Растущее загрязнение обоев подавало достаточно ясный знак, что проходило время — что проходили мы. Но поскольку сие изменение мира вершилось едва уловимо и было созвучно моему собственному старению, я присутствовал при процессе трансформации, в котором тождественность никогда всерьез не подвергалась опасности. И в этом было нечто успокоительное. Глядя на стену, более несомненную для меня, чем все остальное, на которой в любой час дня прослеживались внутренние отношения тени и света, я чувствовал в себе становление — не переставая быть тем, чем был. Было бы это возможно перед каким-либо другим предметом в мире? Вряд ли.
Ко всему прочему, нужно также отметить, что я почти не пользовался электрическим освещением. С тех пор как я стал жить один, я подстраивался под дневной свет, и, в зависимости от времени года, дни мои то растягивались, то сжимались. Через окно на последнем этаже старого, высокого дома, возведенного на склоне холма, свет проникал ко мне с небес в достаточном изобилии, и я относил к числу скромных удовольствий, которым старался не поддаваться, изменчивое насыщение своего домашнего пространства светом и тенью. Поскольку я никогда не закрывал ставни, а окно мое выходило на запад, выпадали мгновения потрясающей красоты, когда золотые тона, сплавляясь с гранатовыми, захватывали все протяжение стены, и та дрожала, трепетала, вздувалась, словно плоть, счастливая быть плотью.
В подобные моменты, как и в другие, когда выдавалось совершенно особое освещение, я оказывался странно взволнован при мысли, что предо мною раскрыто все небо моего города.

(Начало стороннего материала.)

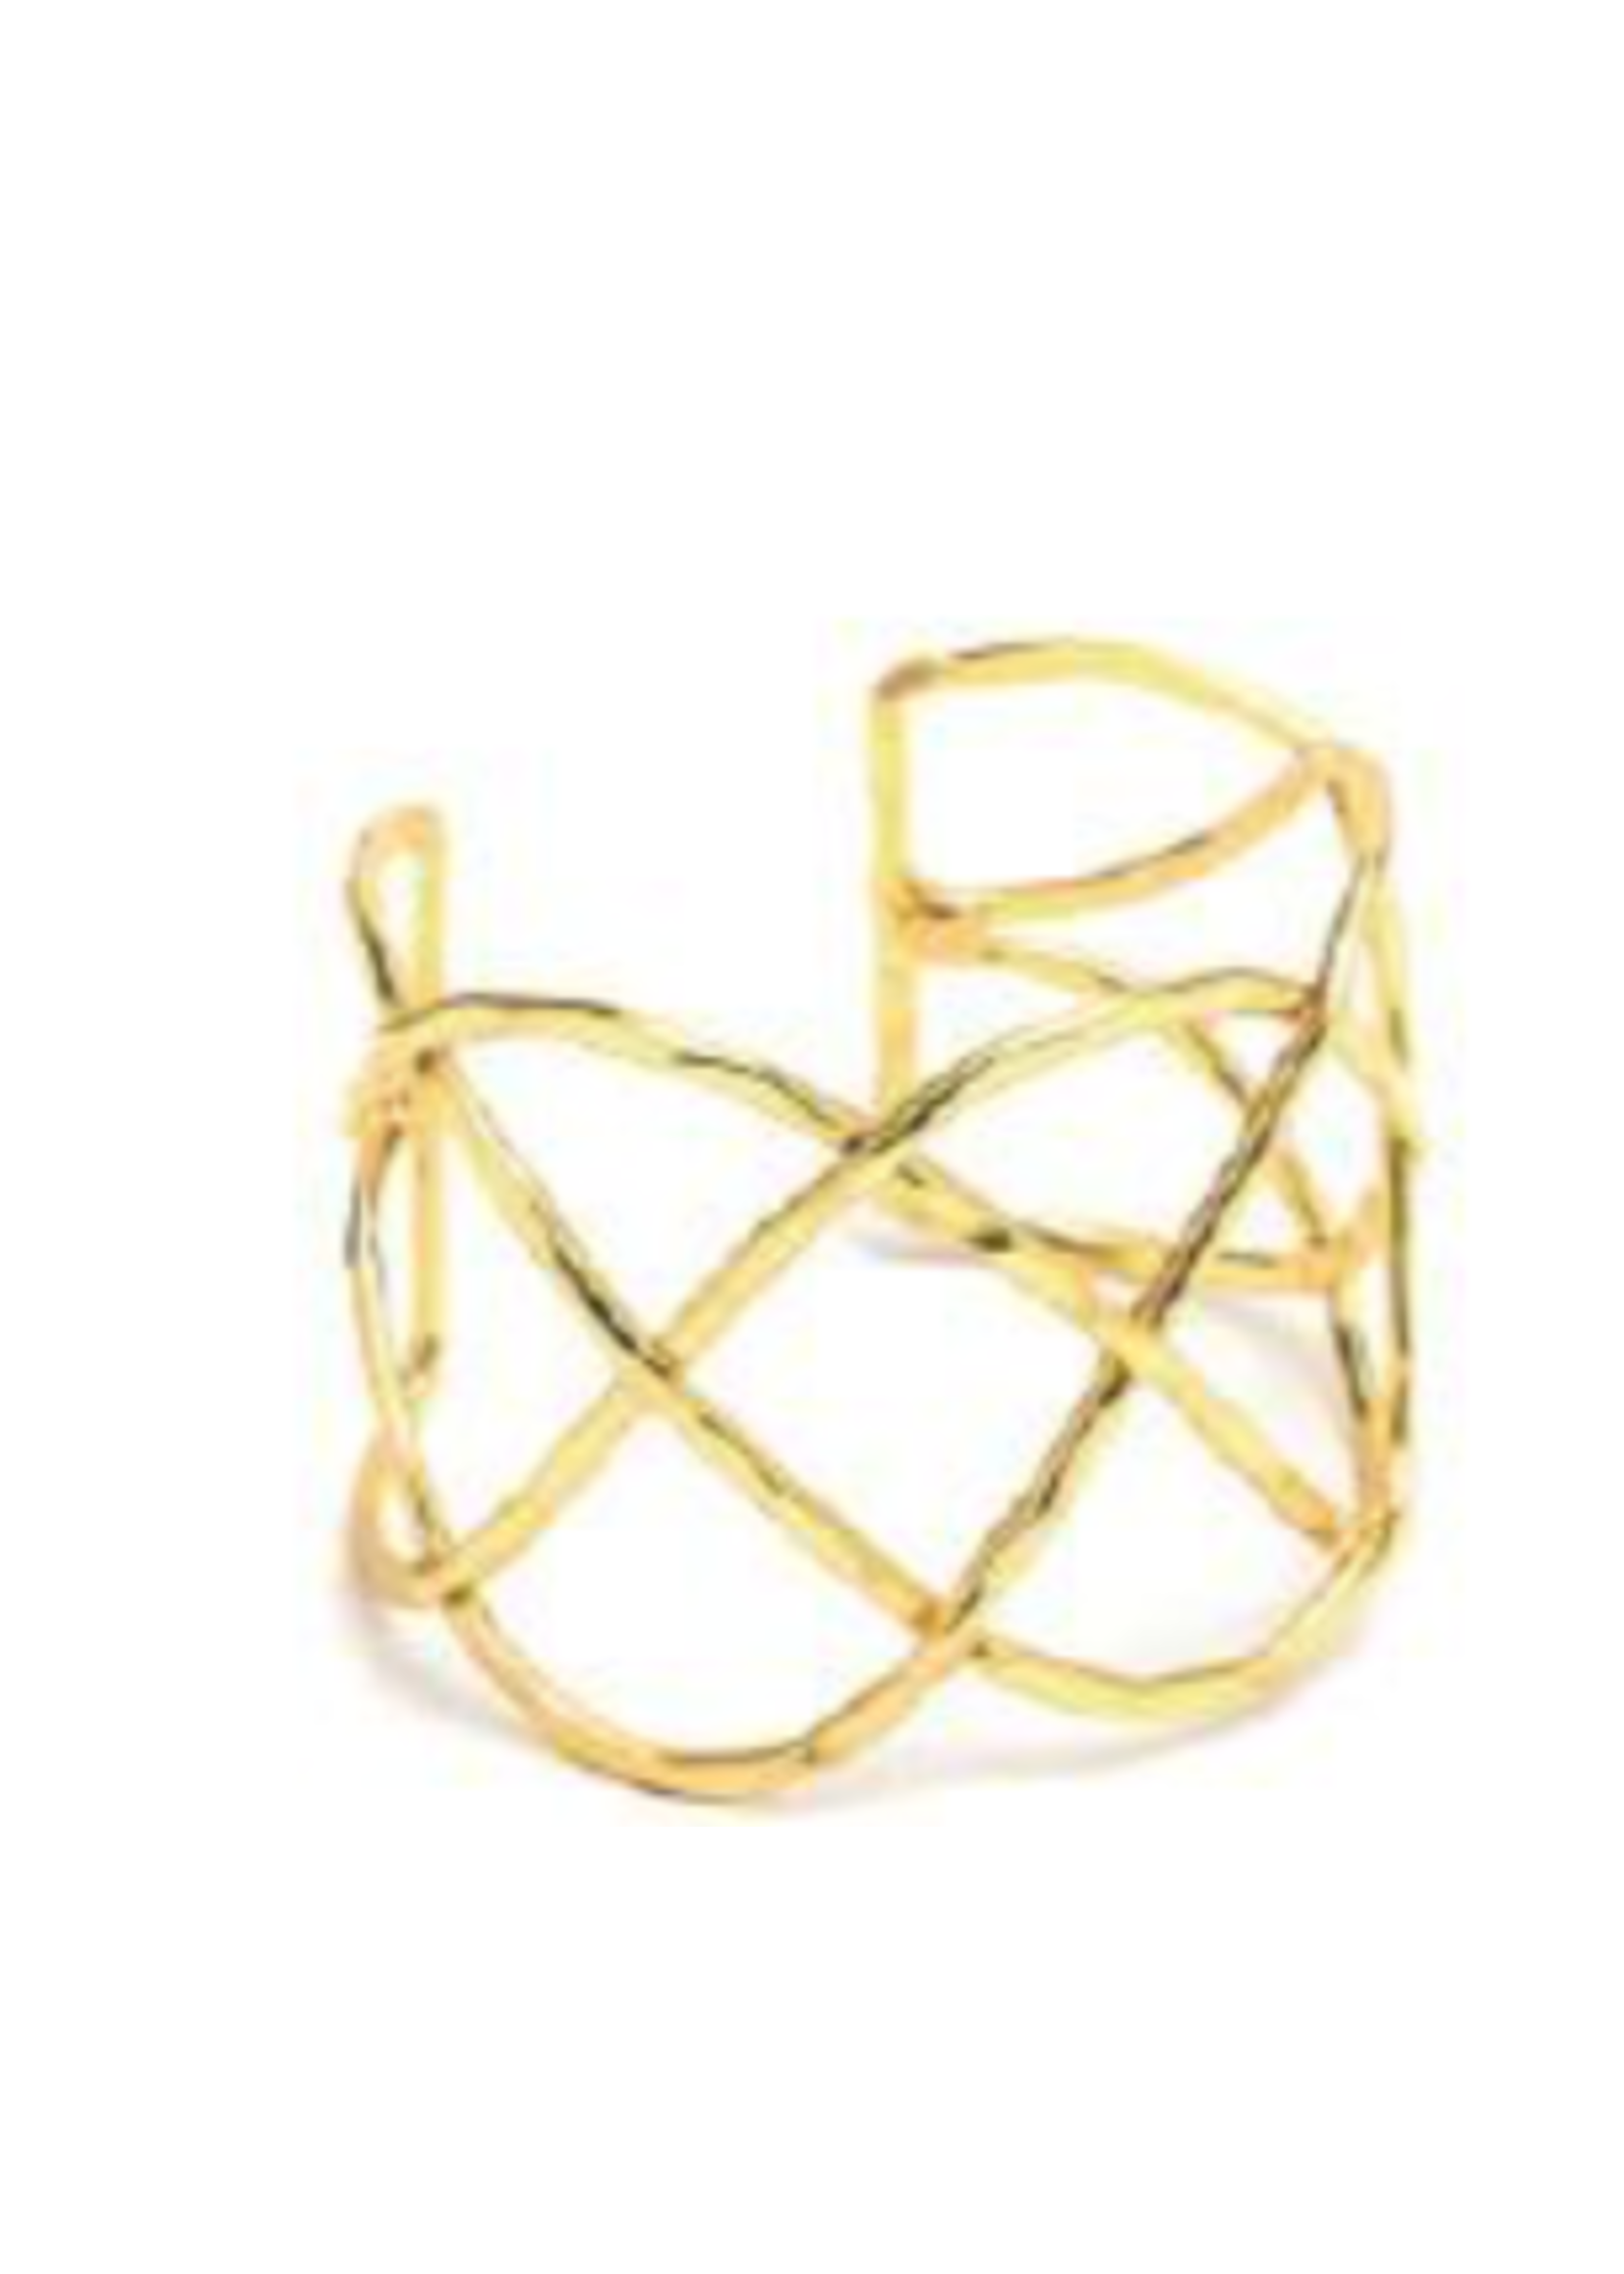 VESTOPAZZO Brass Intricate Cuff Bracelet
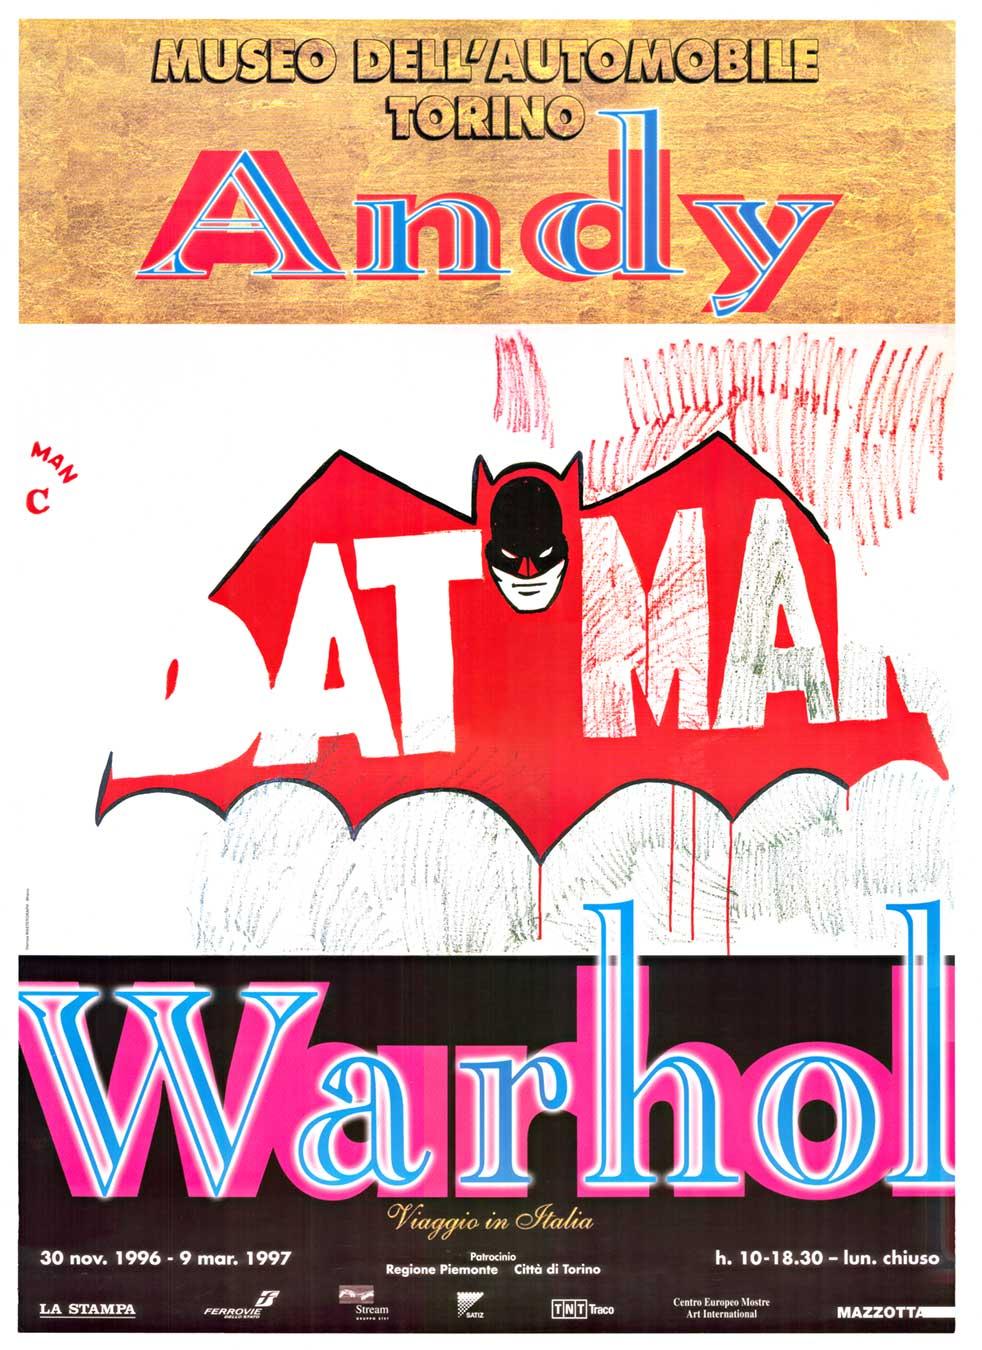 (after) Andy Warhol Figurative Print - Original Batman Museo Dell'Automobile Torino vintage Italian poster

Не было нужды выходить на улицу и смешиваться с толпой, чтобы проникнуться сопричастностью сей важнейшей реальности, которая, так сказать, входила в определение столицы, где я был рожден и где своему предельно замедленному течению следовала моя жизнь. Этот город стал для меня духовным опытом, и омывавший его зачастую смутный свет постоянно возбуждал мой интерес к кругу истины, в котором вещи суть уже не они сами и не их отражения, но входят в нечто иное и размываются в множественных и постоянно ускользающих значениях, — словно свет обладал здесь водной природой и служил жизненной стихией тому, что не переставало рождаться: личинкам, планктону, водорослям, Сатурнову семени. То была сама безграничность. И когда туманы — легендарные — замешивали, в своем застое, всю целокупность стихий, город и мысль, как плоть и ее дыхание, более не разъединялись: в глубине своей косности внутрь самого себя сочилось единое для всех вещей сердце. А я, как утонувший в любви атом, без остатка отдавался баюканию времени.
Мне все же следует, наверное, признать: вообще говоря, в дневном свете не было ничего особенного, и я уделял ему весьма поверхностное внимание, замечая разве что порой, в полном счастье, изысканность его переходов. Погруженный в тусклое межсезонье, мой крохотный универсум не ведал сильных эмоций. Эстетические неожиданности, как и озарения духа, случались в нем довольно редко. Что до остального — я имею в виду банальную сферу любви, пола, чувственного влечения и привязанности к отдельным лицам, — сей круг действительности меня ничуть не занимал. Я жил в состоянии глубокого безразличия к реальности других и без всяких усилий держался в стороне от желаний. В одиночестве, которое я выбрал и в котором укрепился, не было ничего особо достойного. За ним стояли скорее повадки моей плоти и естественное нерадение темперамента. В глубине я был предрасположен к подвижничеству никак не более, чем к распущенности. И если обретал, безмятежно пестуя свою скуку, определенную полноту удовлетворения, то потому, что в мое ощущение жизни (какую я вел) входили два в высшей степени успокоительных и благотворных качества: неспешность и повторение.
Исключая по возможности отношения с другими, строго ограничивая взаимодействие, отказывая себе в речи, движении и поступках, я не ведал спешки, ускорения да и просто напряженности. Конфликты амбиций, склонность к самоутверждению, к господству и обладанию, средоточение энергии вокруг личной власти — все это поле опыта было мне совершенно чуждо. Я не вступал ни в соперничество, ни в игру сил, которые оно пускало в ход... Но опять же, в отличие от тех святых отшельников, чьи жизнеописания так меня очаровывали, за мною, чтобы вести подобную жизнь, не значилось никаких заслуг. Она была не завоеванным плодом, а скорее уж проявлением вызревания — простой тяжестью бытия, привычкой, а не достоинством.